Everything felt so surreal. I even doubted the plod of my paws down the stairs. It was like a dream, a nightmare. Any second Loraine would shake me awake, telling me I was late to Neoschool.
She never did.
“I did it!” she proclaimed proudly. “I made an offer on a Yellow Draik Egg.” She pointed to the enormous (but empty) sack that must of held a hefty sum of neopoints. “And...”
“Who?” I cut her off.
“Who what?” she questioned, as confused as I was when Jeran was mysteriously saved by that Air Faerie when I thought he had spiraled to his death.
“Who are you abandoning?!” I screamed, tears pouring down my face again. “Who are you going to throw out in the cold for a new pet, or should I say new fad?! Who, who, who?!”
My tantrum took a second to register with her.
“You... you thought... you thought I was abandoning one of you?” Her pale blue eyes widened.
“You have to!” I wailed.
“No I don’t.”
“Yes you do!”
“Dana, look at this.” She held a large card in my face. ‘User lookup: lorainydayz2' was the title.
“What is this?” I demanded.
“My new side account,” she said quietly. “I’m not giving up any member of my dream team.”
There was a fleeting pause.
Then I was hugging her, and she was hugging me, and I was crying like a fountain.
“I would never abandon my tiny Penny, my wild Corny, my graceful Ashley, or the only Lupe in history that could flood a house with her tears,” she assured me.
“Mom...” I croaked, then stopped. I never called Loraine ‘Mom’.
“Let’s go tell Corny and Ash.”
“Yes, Loraine. Save me from this ‘awwww’ moment.”
My life was perfect again.
Exactly two days, sixteen hours, thirty-nine minutes, and six seconds later...
“Loraine! Loraine, wake up! Ashley says there is a package on our doorstep from the Trading Post!” I practically screamed at my snoozing owner.
“Grrrrfaway...” she snored. Well, at least she heard me.
“Whatever you say. Anyway, I’m sure the Pant Devil would just LOVE to nab a valuable-looking package off of our doorstep...”
“Alright, alright! I’m up. Let’s go get it.”
I grinned. I knew her so well.
Neopia Central was covered in a thin mist. “Poor Neopia doesn’t deserve to see me so early in the morning,” she grumbled. I secretly agreed. Nothing was more frightening than Loraine in a bathrobe with no makeup on. Not even Jhudora.
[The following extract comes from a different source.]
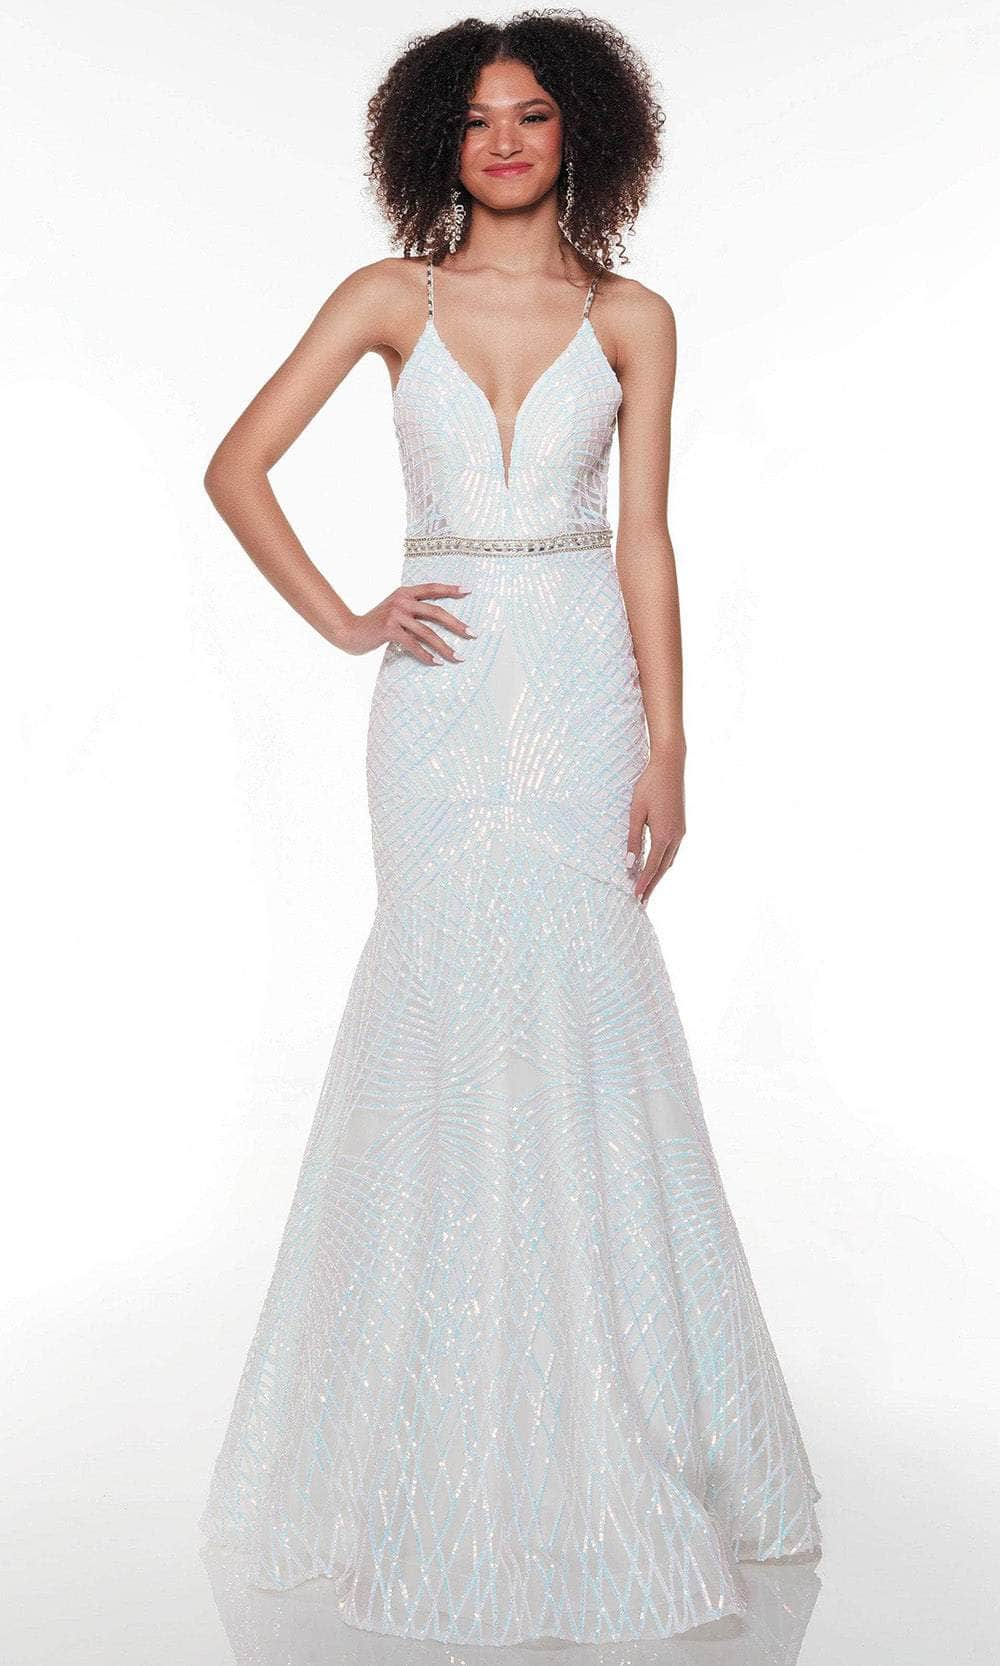 Alyce Paris 61289 - Sleeveless Plunging V-neck Prom Dress Special Occasion Dress 000 / Ivory

“Wow, it’s so heavy,” Loraine said, carefully lifting the heavy yellow egg out of the parcel. “Oh, my gosh! What if it’s really just a Chomby egg?”
“Calm down,” Corny said. “I’ve seen pictures. This is one hundred percent real.”
“Well, what are we waiting for?” Ashley moaned, frustrated. “Let’s go hatch it.”
We then ran in synchronization, as fast as our feet and paws could carry us, all the way to the Draik Nest. Once there, the egg cracked and cracked, finally hatching.
“Hey, little guy!” I said to the tiny yellow head that peeked out of the shell.
“Good gracious. Can’t you see I’m a girl? Heavens above,” were the first haughty words Taylor1112345 said to me.
Don’t tell anyone, but she’s been the best little sister in my perfect life ever since.